ESCÓCIA SOBRENATURAL – Episódio 5

 

BRUXAS DISFARÇADAS DE LEBRES

 
 
 
      Um jovem rapaz, na ilha de Lismore¹, havia saído para caçar. Perto de Balnagown Loch², descobriu uma lebre e sem hesitar disparou sobre ela. O animal soltou um grito que não era deste mundo, e só então ao jovem ocorreu o facto de não existirem lebres em Lismore. Cheio de medo, largou a sua espingarda e desatou a correu em direcção a casa.
         No dia seguinte, regressou ao local para resgatar a arma e ouviu dizer que uma certa mulher, tida na vizinhança como bruxa, estava de cama com uma perna partida. Um tempo depois, essa mulher encontrou o rapaz e pregou-lhe uma valente sova. O episódio corroeu-o por dentro, e o rapaz nunca mais se endireitou. Ficava longos tempos a olhar o vazio, cismando. Tornou-se um ocioso, um inútil.
           
***
 
      Um Manxman³, que há alguns anos atrás estava em Tiree⁴, contou a seguinte história.
       Um grupo de homens estava à caça e não conseguia encontrar uma só lebre. Uma senhora idosa, sabendo disto, disse ao seu neto que fosse ao encontro dos senhores e que lhes indicasse o lugar onde poderiam encontrar lebres, pedindo por tal informação meia coroa.  
         O rapaz assim fez: encontrou os homens, recebeu o seu dinheiro e guiou-os ao local que a sua avó havia indicado. Quando encontraram uma lebre, o rapaz de súbito gritou: «Corre, Avó! Corre!». A lebre começou a correr na direcção da casa da velha senhora, mas os cães que caçadores traziam seguiram-na. Contudo, nas traseiras da dita casa perderam o rastro à lebre. A velha senhora foi encontrada lá dentro, tranquilamente sentada à sua lareira.
 
***
 
      Conta-se, em Wigtonshire⁵, que uma lebre foi vista a correr chaminé acima e que uma mulher, suspeita de bruxaria, apareceu com os pés queimados.
 
 
 
 
 

(Editado pela primeira vez por J. G. Campbell, in “Witchtcraft and Second Sight in the Highlands and Islands of Scotland”, 1902.)
 
 
 
 
 
 



(Versão de Pedro Belo Clara a partir da edição de Neil Philip em "Scottish Folktales", Peguin Books, 1995.)












(1) Uma pequena ilha, de pouco mais de 2000 hectares, situada nas Hébridas Interiores, na Escócia.
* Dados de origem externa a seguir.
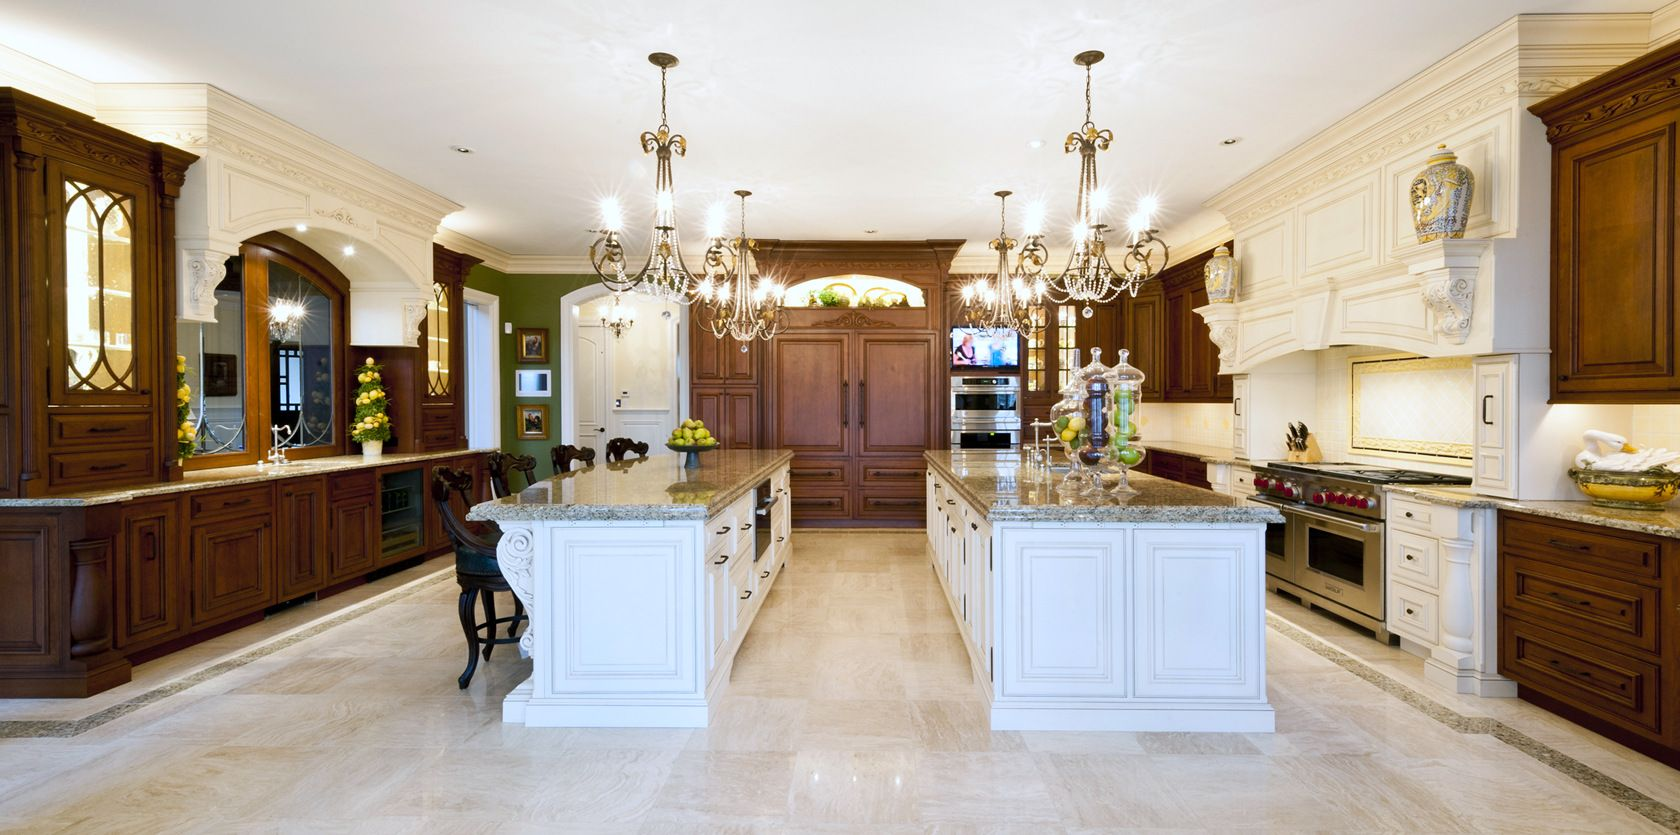 Custom Double Island Kitchen Design by CVL Designs, Ocean ...

Actualmente alberga menos de 200 habitantes. 


(2) Um lago dessa ilha.


(3) Habitante da Ilha de Man, que se situa no mar da Irlanda, entre a Inglaterra e a Irlanda do Norte.


(4) A ilha mais ocidental das Hébridas Interiores. Nela habitam cerca de 650 pessoas.


(5) Um antigo condado escocês situado na região sudoeste do país. 













(autor desconhecido)


sábado, 16 de outubro de 2021

ESCÓCIA SOBRENATURAL – Episódio 4


Nas colinas de Ross-shire¹, um velho homem, que no seu tempo não fora propriamente gentil, falecera na casa do filho, uma cabana solitária, afastada das restantes casas.

O morto foi colocado numa mesa dum pequeno quarto, e o seu filho pastor, deixando mulher e filhos na cabana, partiu para o vale à procura de pessoas para assistir ao velório e depois ao funeral.

À meia-noite, uma das crianças, que ainda brincava pela casa, espreitou pela fechadura do quarto e gritou: “Mãe, mãe! O avô está a levantar-se!”.

A porta do quarto foi num ápice trancada, e o falecido, apercebendo-se que não a conseguia abrir, começou por arranhar e depois escavar a terra por debaixo da porta, tentando abrir uma passagem para a sua fuga.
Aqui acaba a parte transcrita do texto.